Advances in Legume Research: Physiological Responses and Genetic Improvement for Stress Resistance

Effect of Drought Stress on Soybean Nodule Proteomes and Expression of Cysteine Proteases

Author(s): Phumzile Mkhize

Pp: 109-125 (17)

DOI: 10.2174/9789811479625120010009

* (Excluding Mailing and Handling)

Abstract

Soybean is a valuable crop cultivated as an excellent source of proteins, dietary fibre, and a variety of micronutrients. Rhizobia reside as symbiosomes in the infected cells of soybean nodules to fix atmospheric nitrogen. Such association ensures optimal yield and may be beneficial in quenching the use of fertilizers.

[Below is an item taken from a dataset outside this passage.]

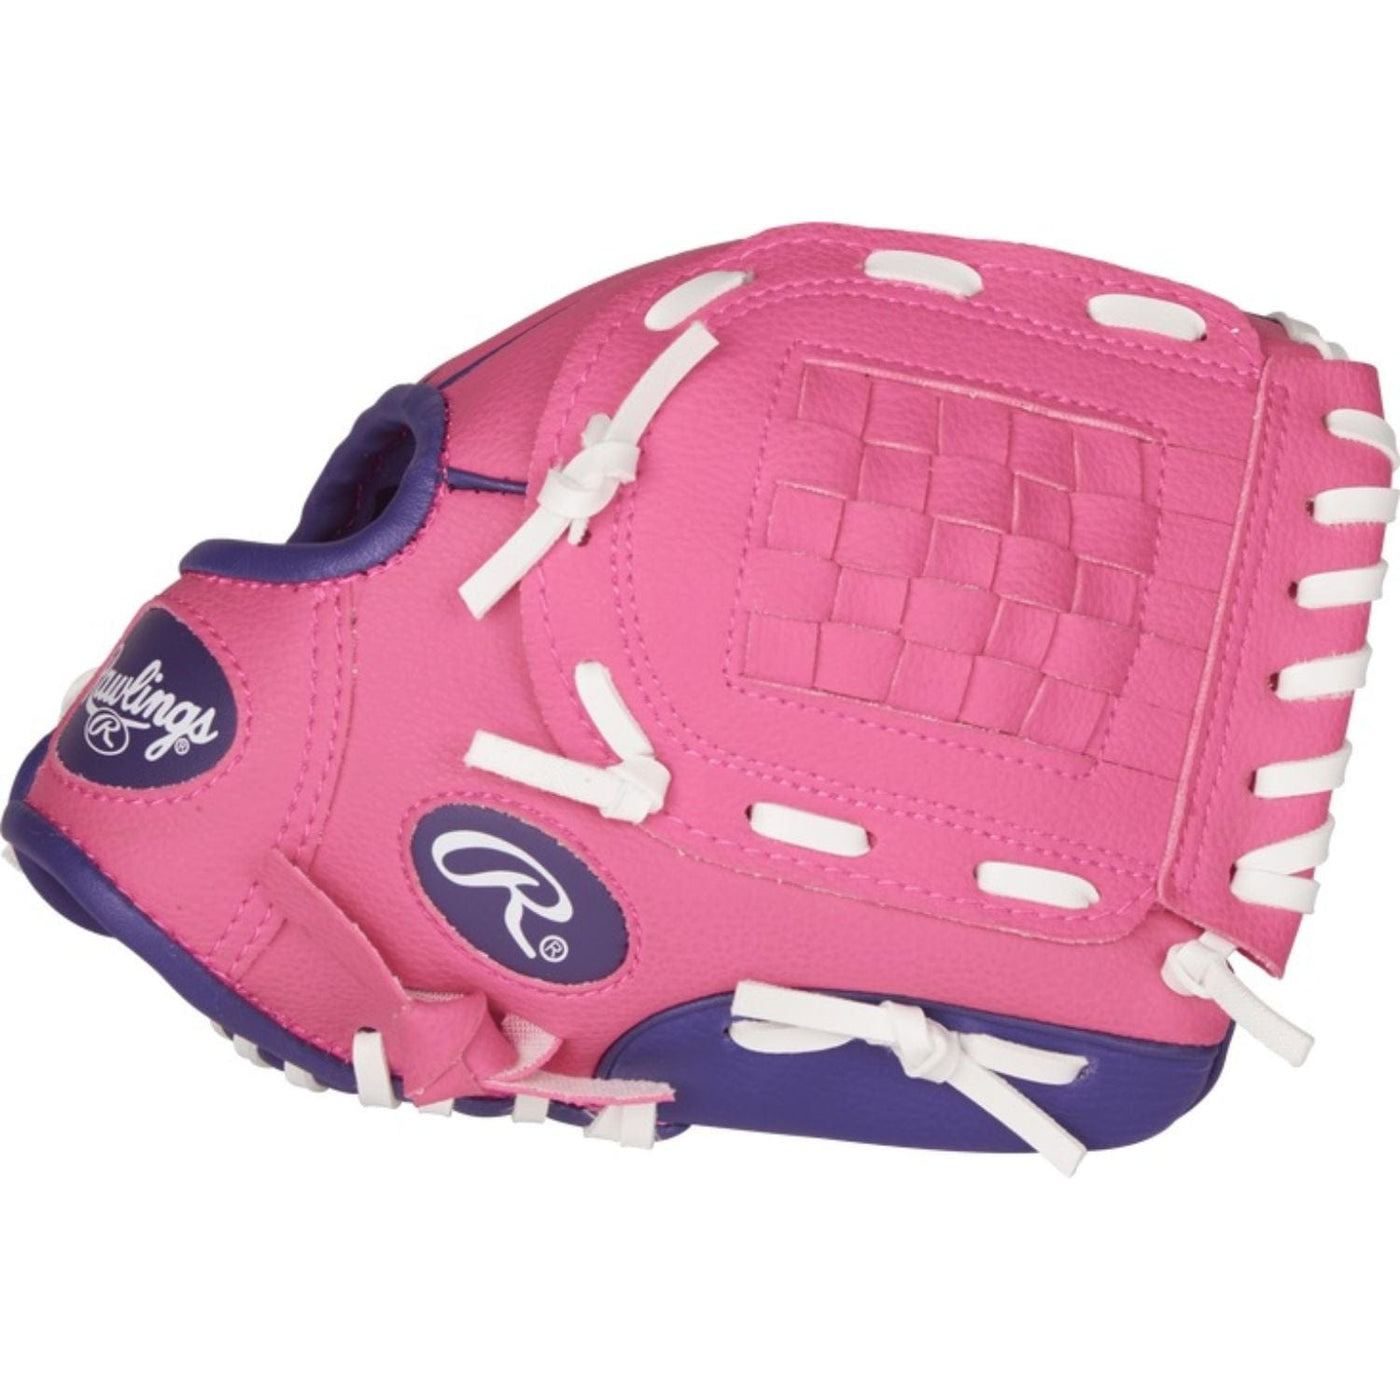 Rawlings Rawlings Players 9 In Youth Softball Glove Left hand Sports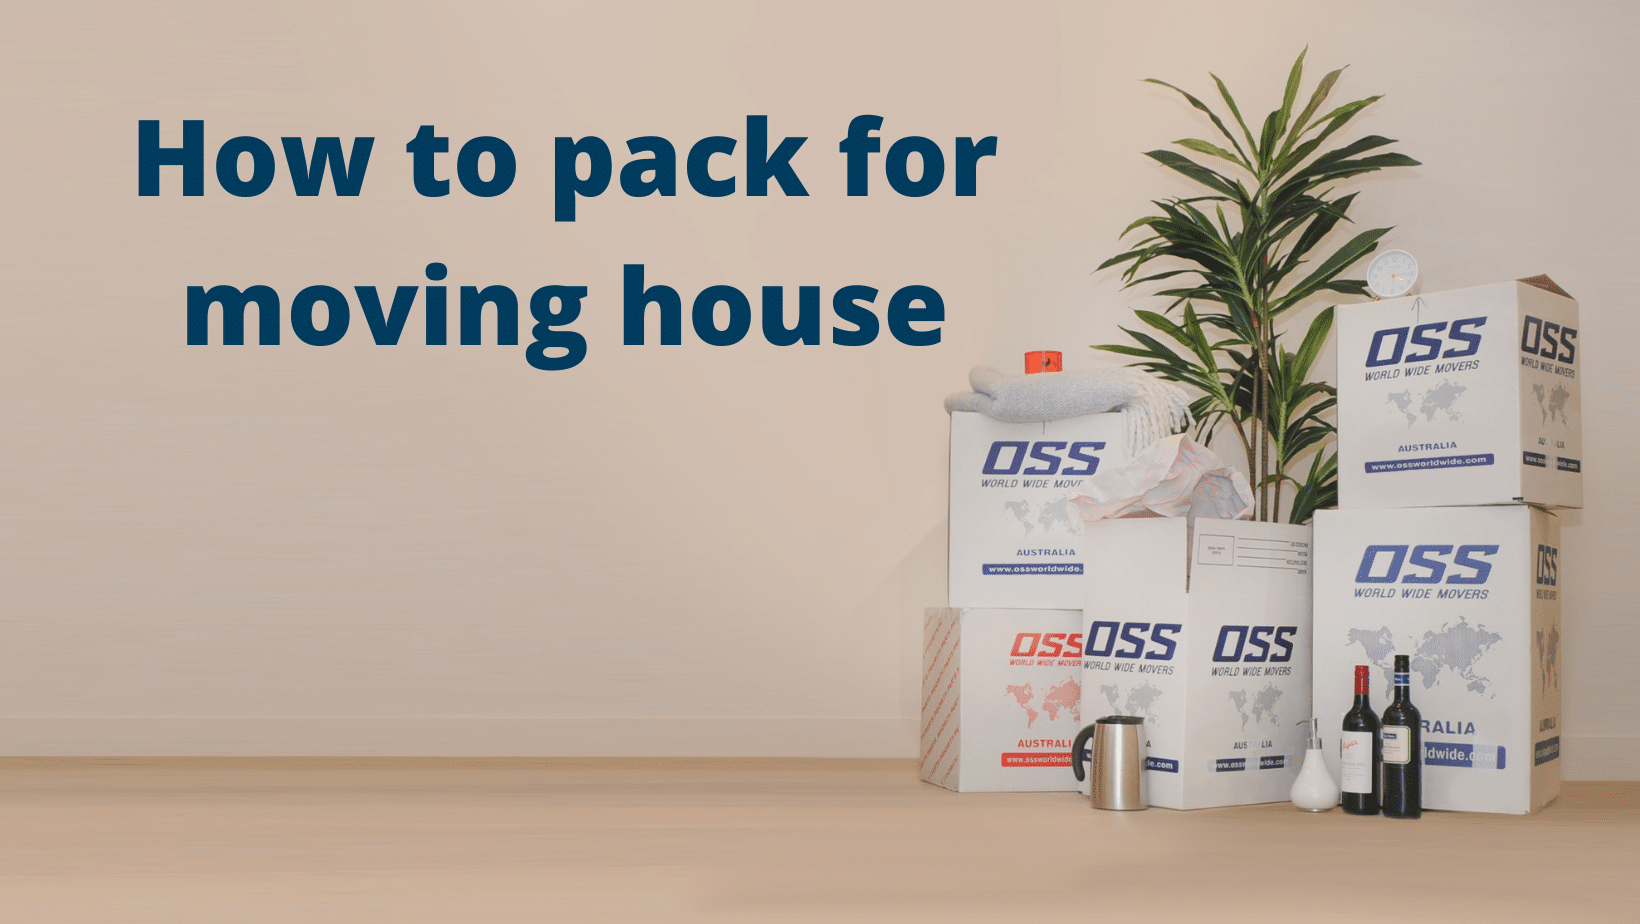 How to pack for moving house - OSS World Wide Movers

However, premature nodule senescence remains one of the major problems affecting soybean growth and yield. A clear understanding of the molecular level on the resultant effects of factors that promote early nodule senescence is important. Cysteine proteases are the proteases directly involved in the commencement of early tissue senescence. Nevertheless, the studies performed on the involvement of these proteases in nodule senescence have not reached a consensus. Besides, the specific family and isoforms of cysteine proteases expressed under normal well-watered, waterlogging and water deficit conditions during nodule senescence are not clearly understood. Consequently, there is a need for conducting intensive molecular studies on the involvement of cysteine proteases in nodule senescence. Changes in the whole proteome of a healthy and a senescing nodule need to be understood to make conclusive findings on the molecular events that occur during senescence. The use of proteomic approaches to investigate the level and characteristics of the proteins in general, by preparing a protein map and its application to functional analysis in soybean nodule senescence is important in delaying premature senescence.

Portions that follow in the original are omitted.